_Task_: Only lines, not pictures: please repeat exactly the lines from the one with "Accent Ceramic Coffee" through the end of the listing.

_Exercise data_:
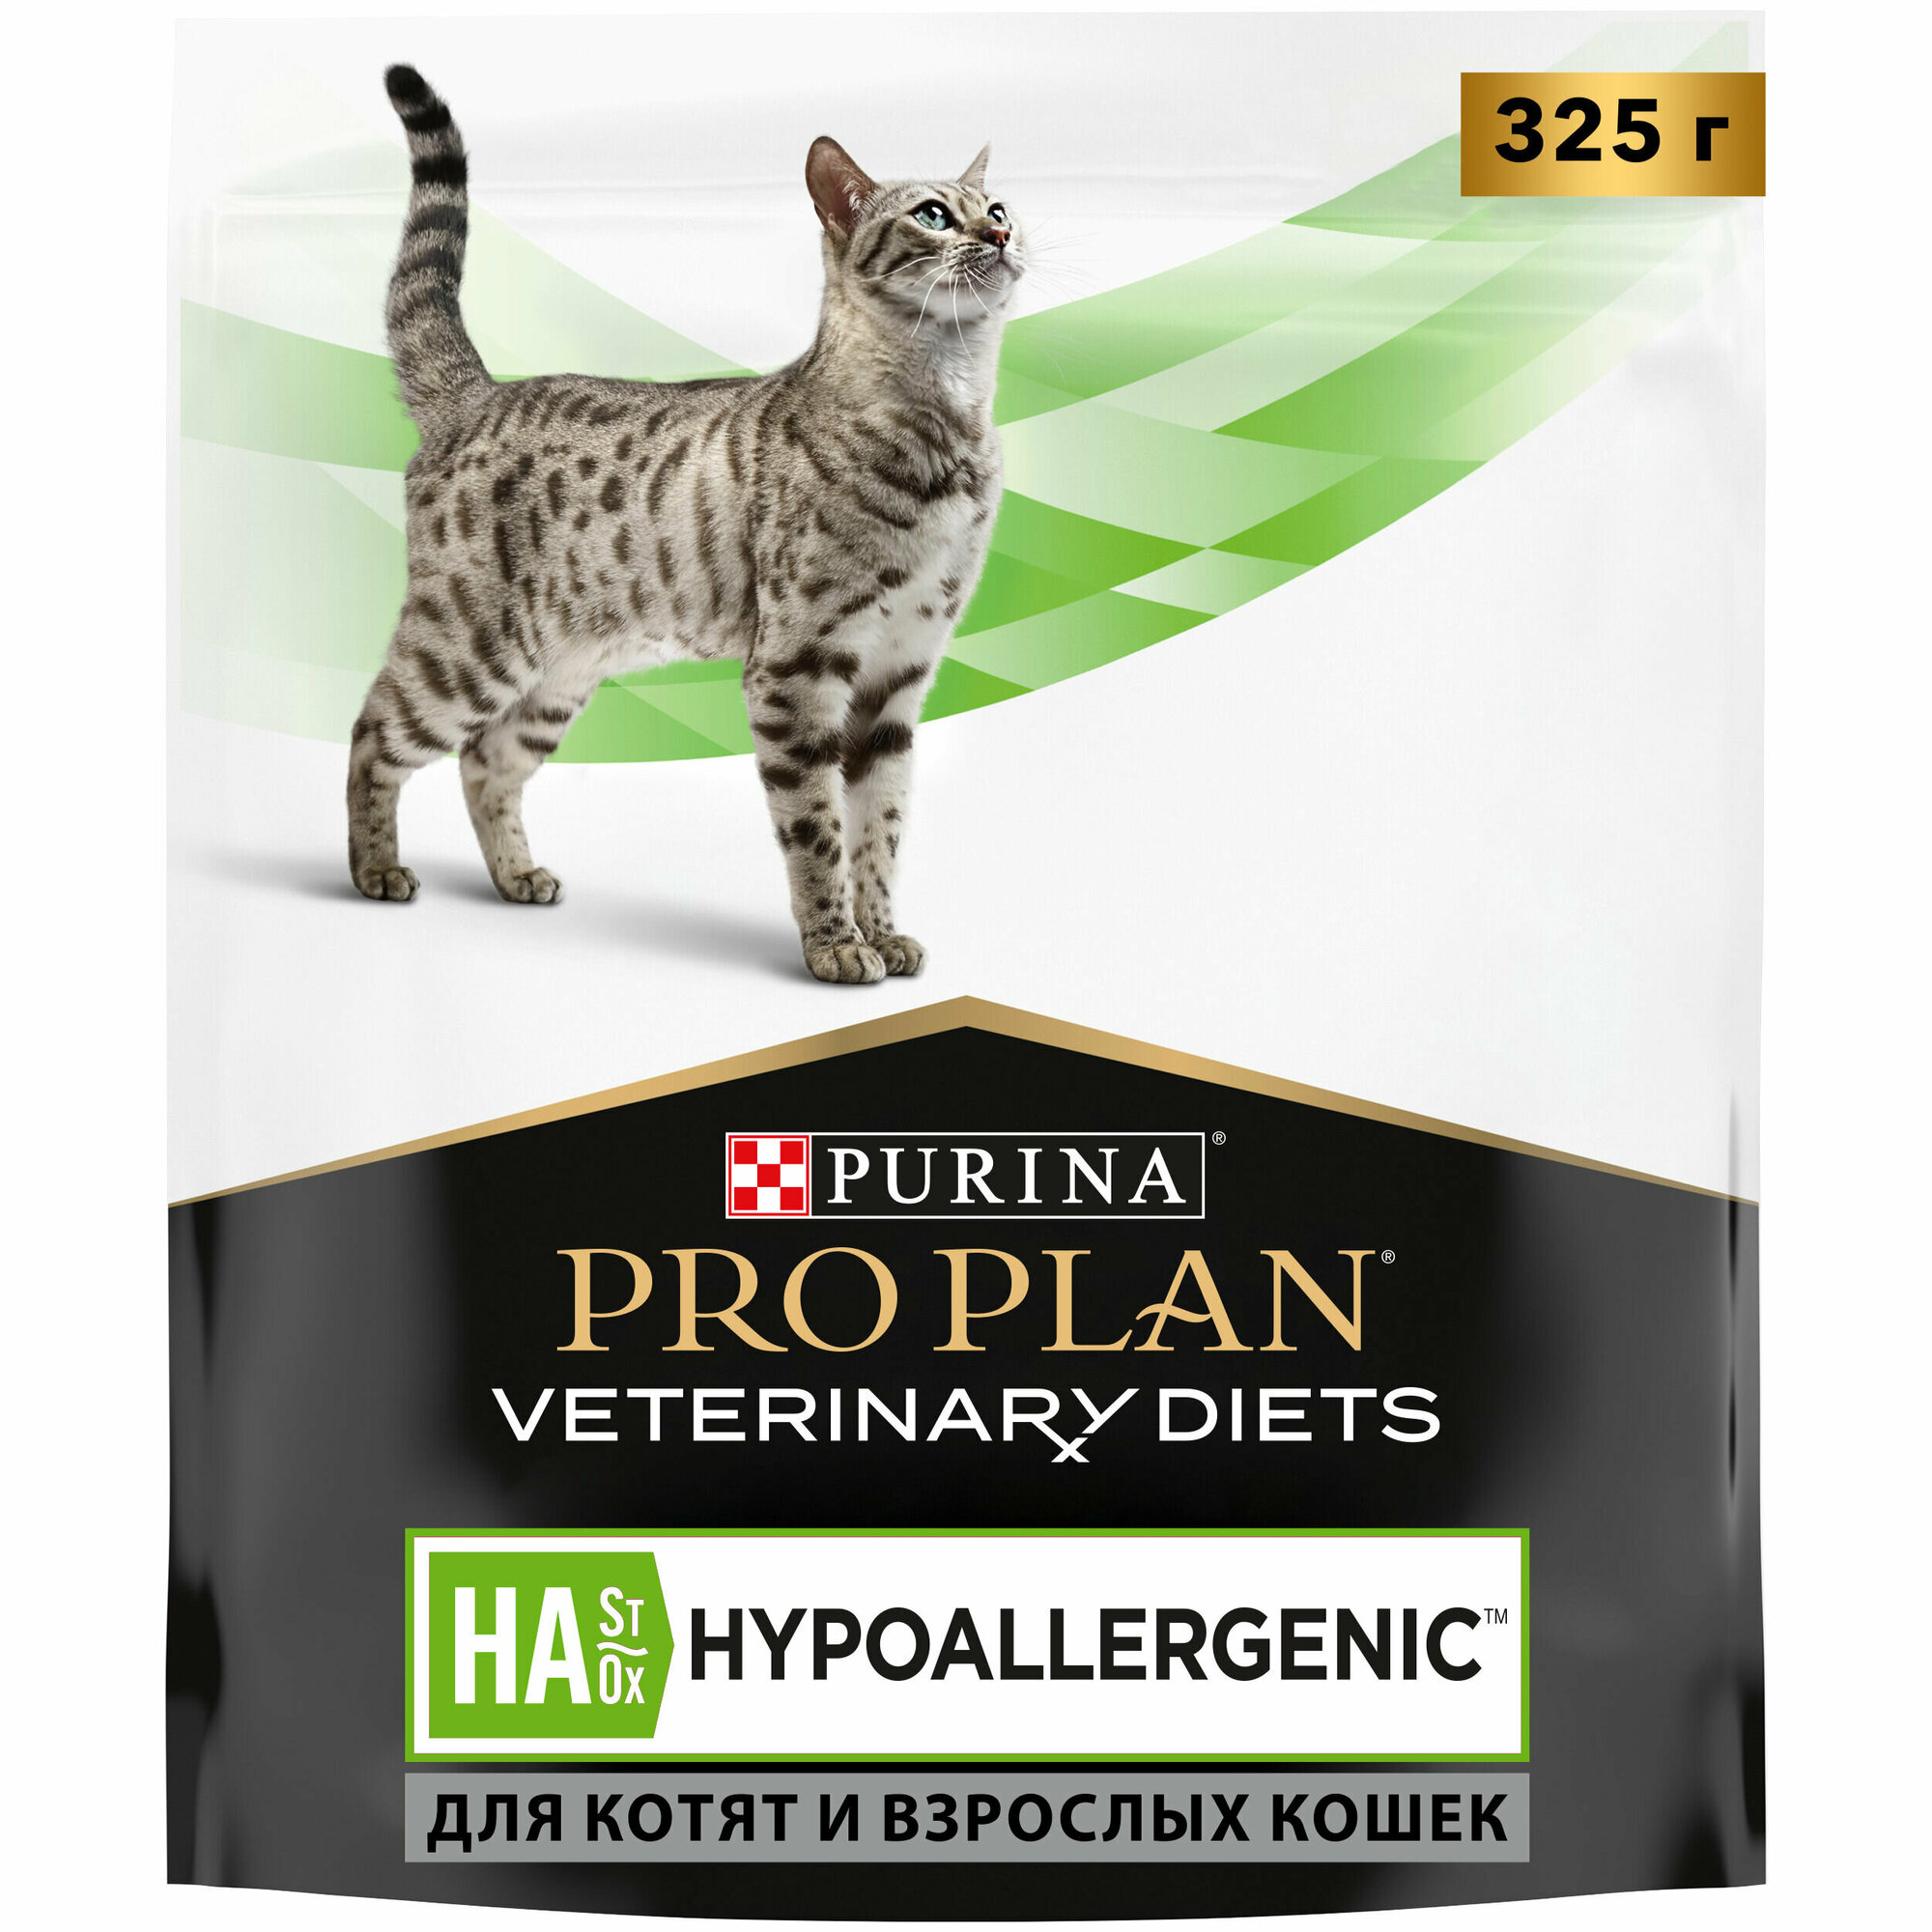 Purina Pro Plan VD HA Hypoallergenic для кошек при пищевой аллергии, 325 гр
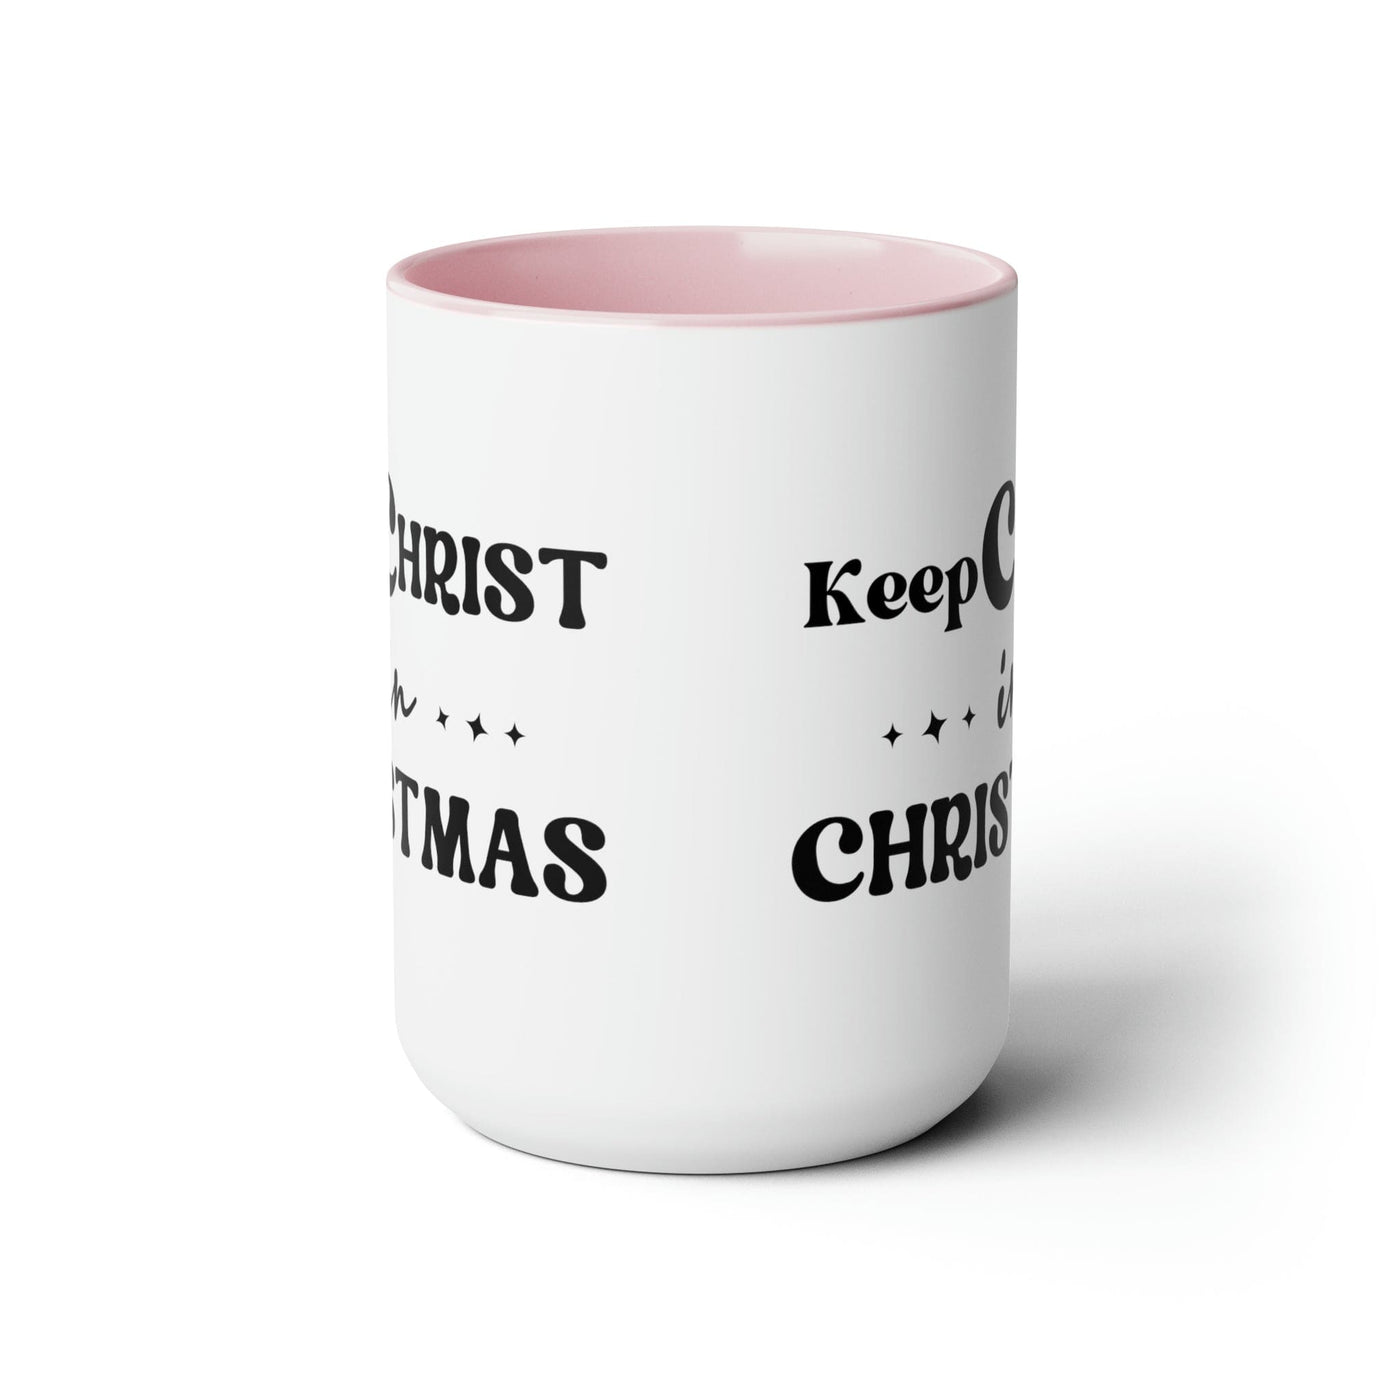 Accent Ceramic Coffee Mug 15oz - Keep Christ In Christmas Christian Holiday
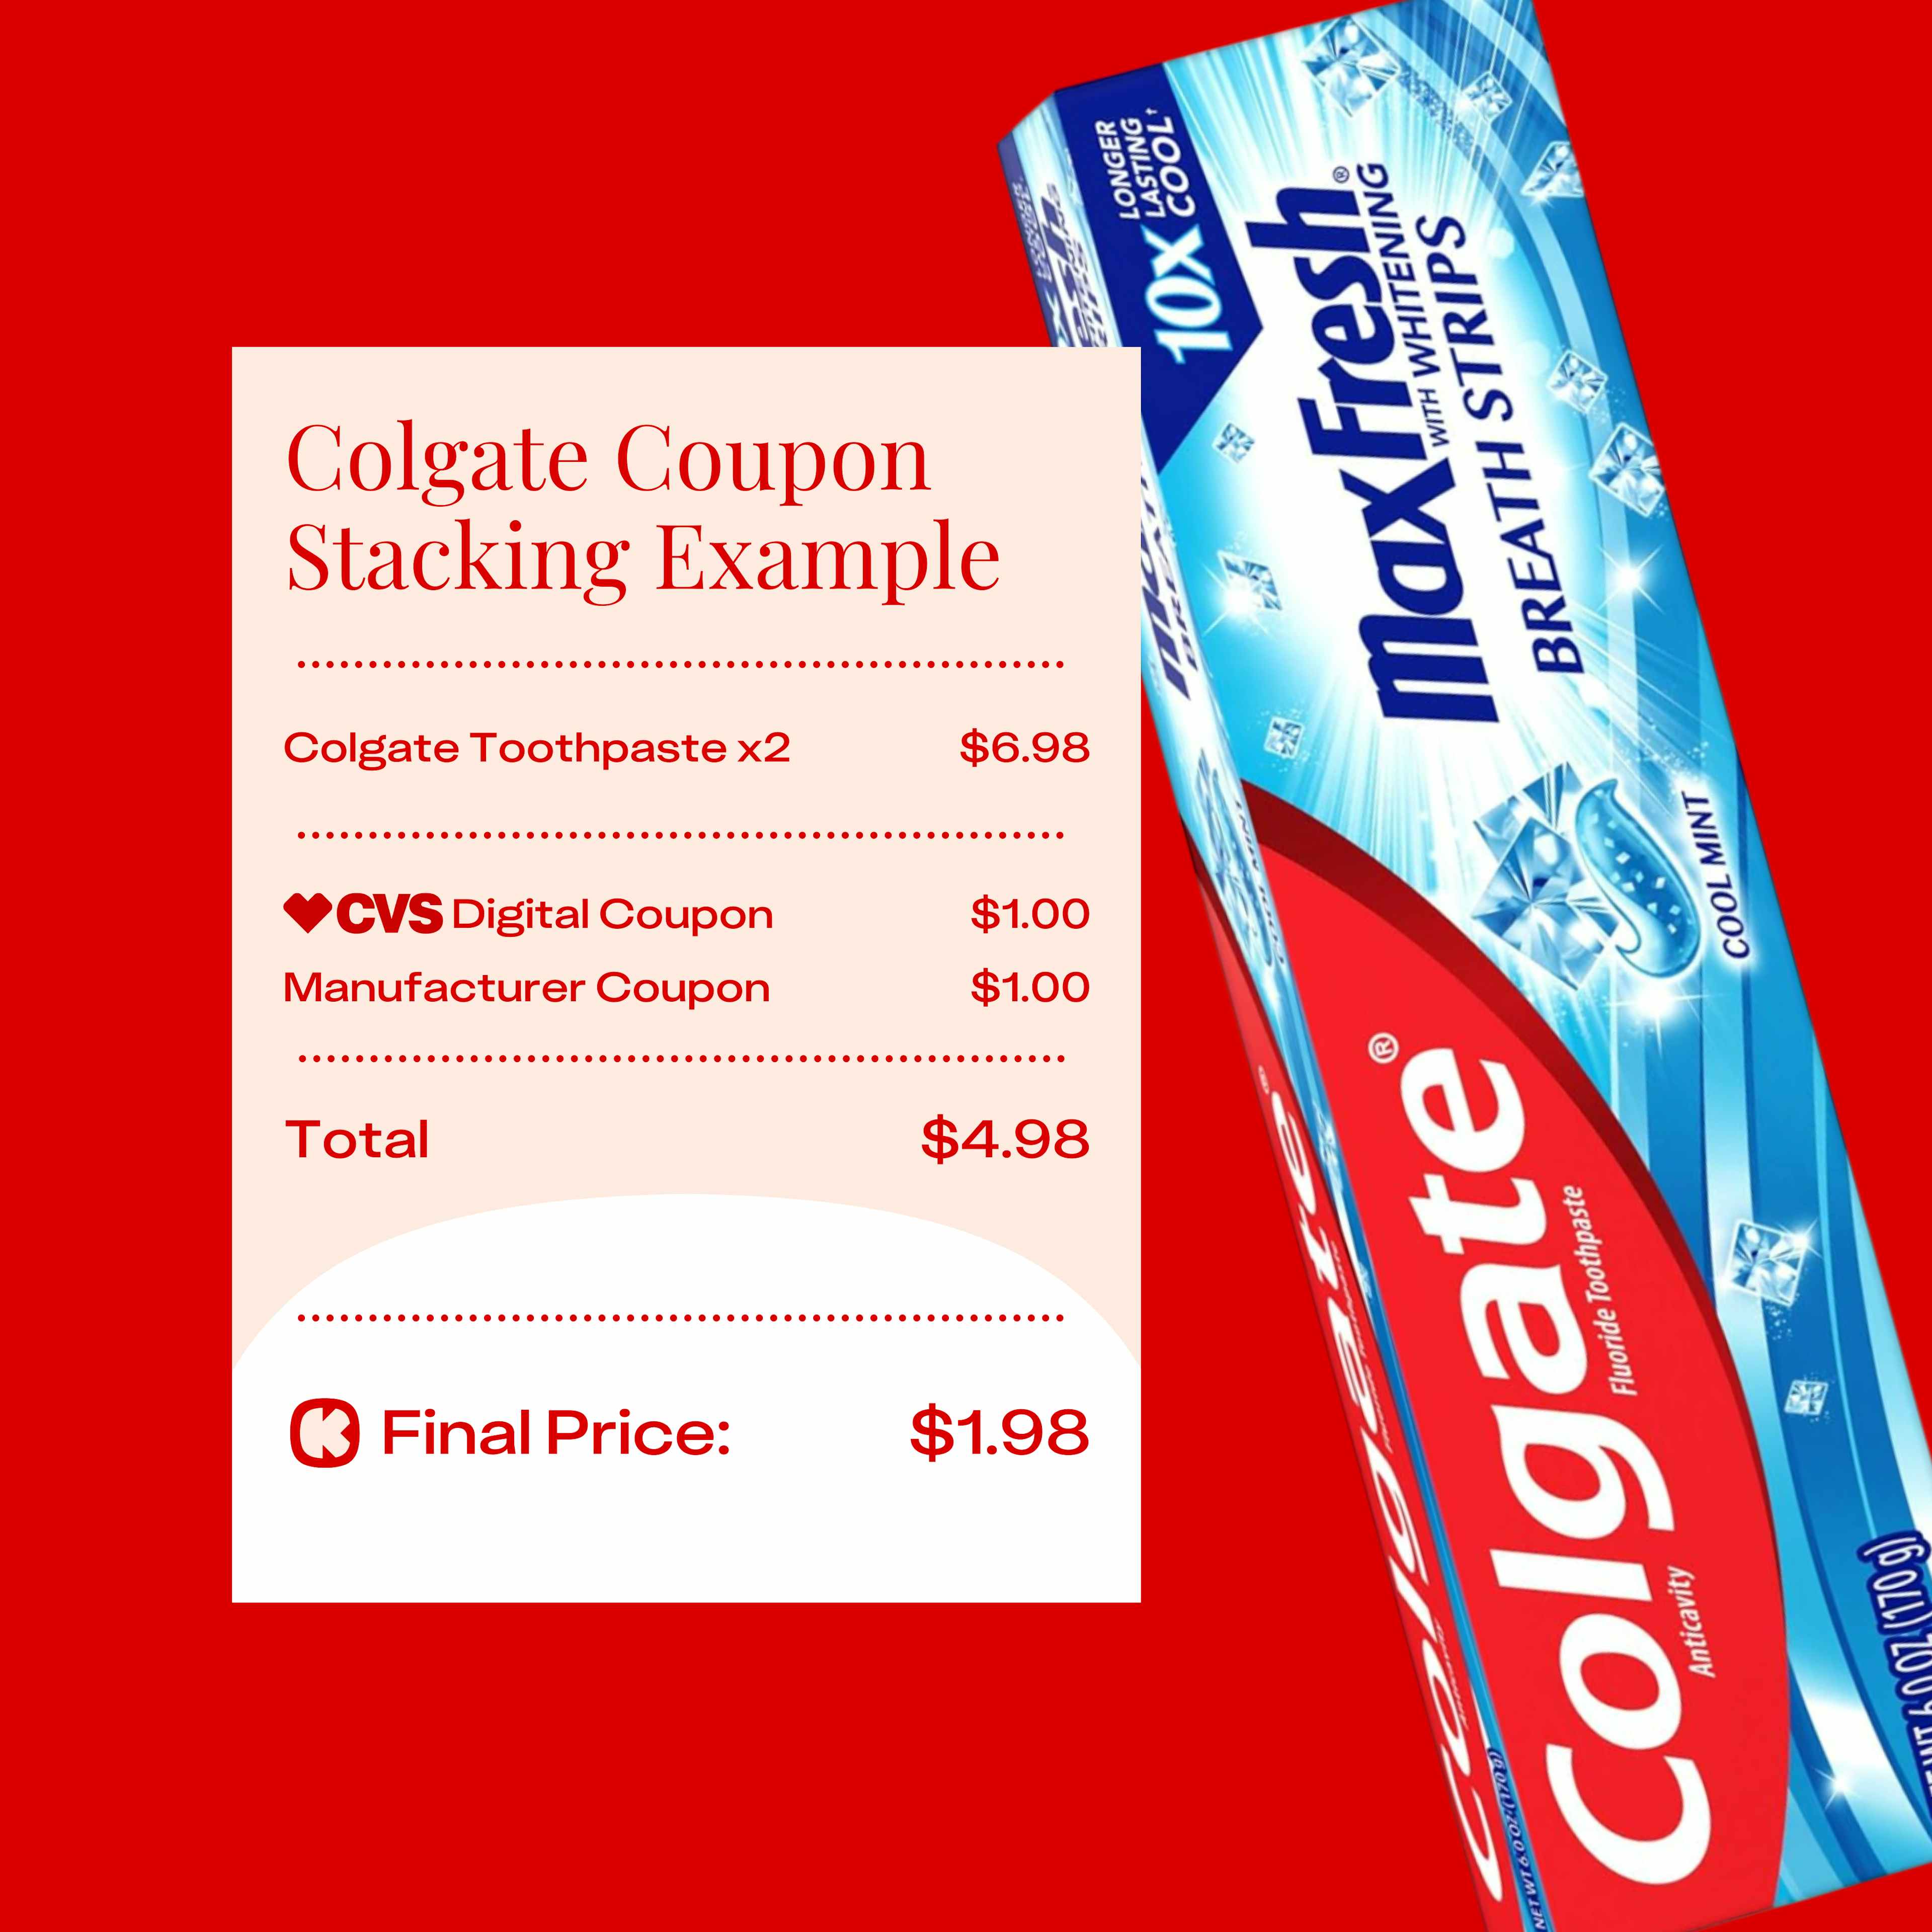 cvs-coupon-stacking-colgate

_Exercise solution_:
 Accent Ceramic Coffee Mug 15oz - Keep Christ In Christmas Christian Holiday
 cvs-coupon-stacking-colgate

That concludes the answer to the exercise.